RECORDS TO PROCESS:
--------------------

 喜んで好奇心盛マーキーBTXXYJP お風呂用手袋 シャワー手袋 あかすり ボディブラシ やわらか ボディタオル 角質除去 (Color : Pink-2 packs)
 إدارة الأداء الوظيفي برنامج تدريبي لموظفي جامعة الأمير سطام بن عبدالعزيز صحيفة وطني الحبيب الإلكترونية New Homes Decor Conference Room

--------------------

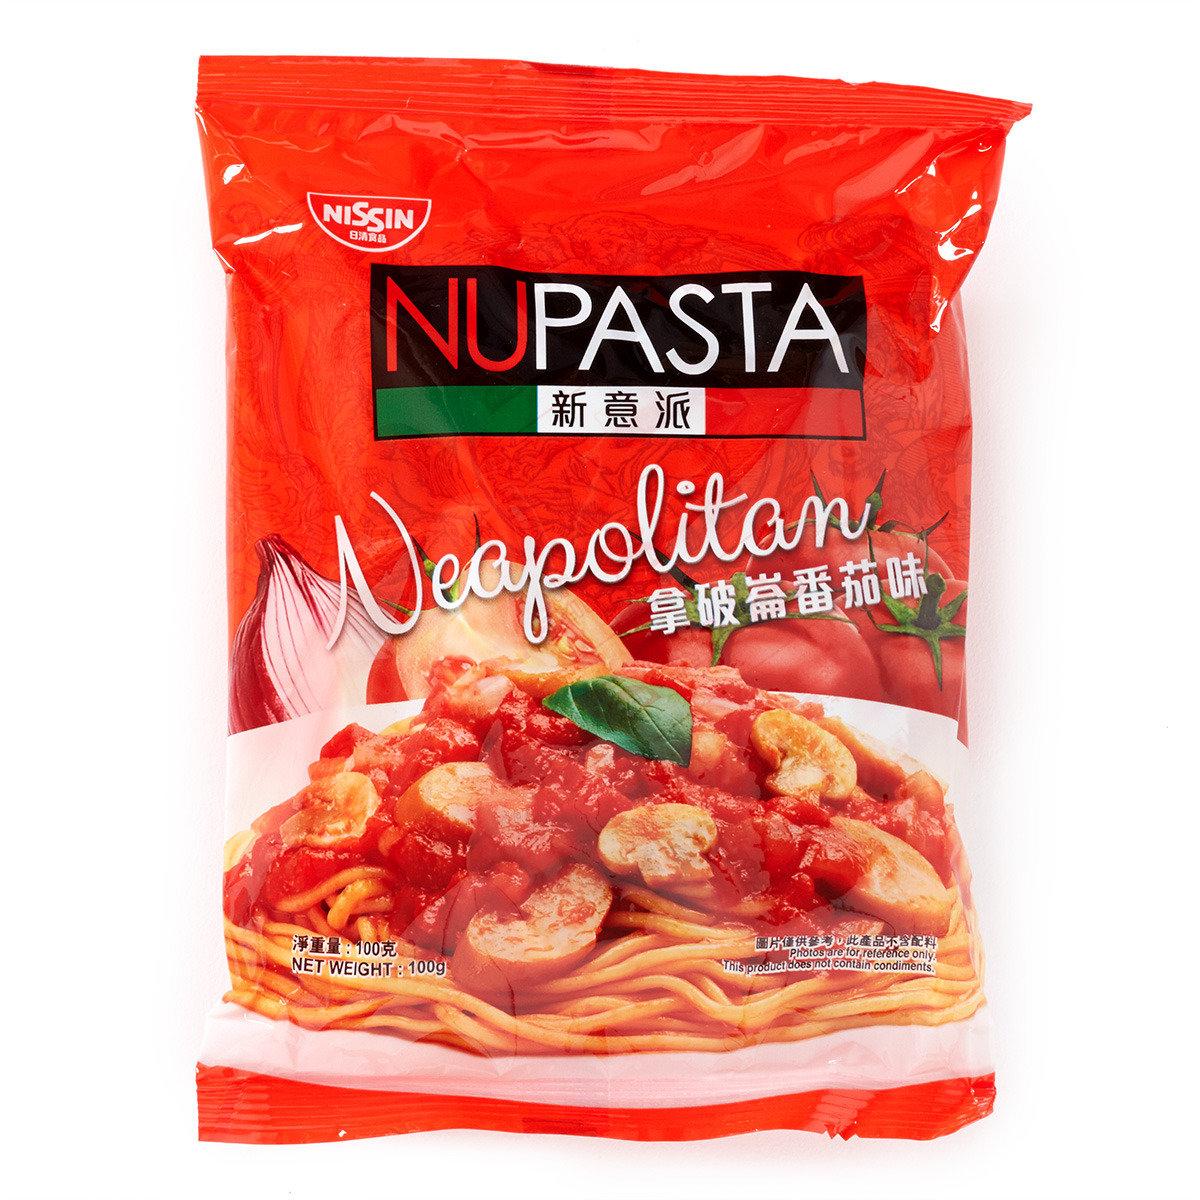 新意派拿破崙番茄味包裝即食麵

--------------------

PROBLEM TO WORK ON: Among the lines above, repeat exactly those from the line with "喜んで好奇心盛マーキーBTXXYJP お風呂用手袋 シャワー手袋" to the line with "إدارة الأداء الوظيفي", counting both ends.

ANSWER FOR THIS EXERCISE:
 喜んで好奇心盛マーキーBTXXYJP お風呂用手袋 シャワー手袋 あかすり ボディブラシ やわらか ボディタオル 角質除去 (Color : Pink-2 packs)
 إدارة الأداء الوظيفي برنامج تدريبي لموظفي جامعة الأمير سطام بن عبدالعزيز صحيفة وطني الحبيب الإلكترونية New Homes Decor Conference Room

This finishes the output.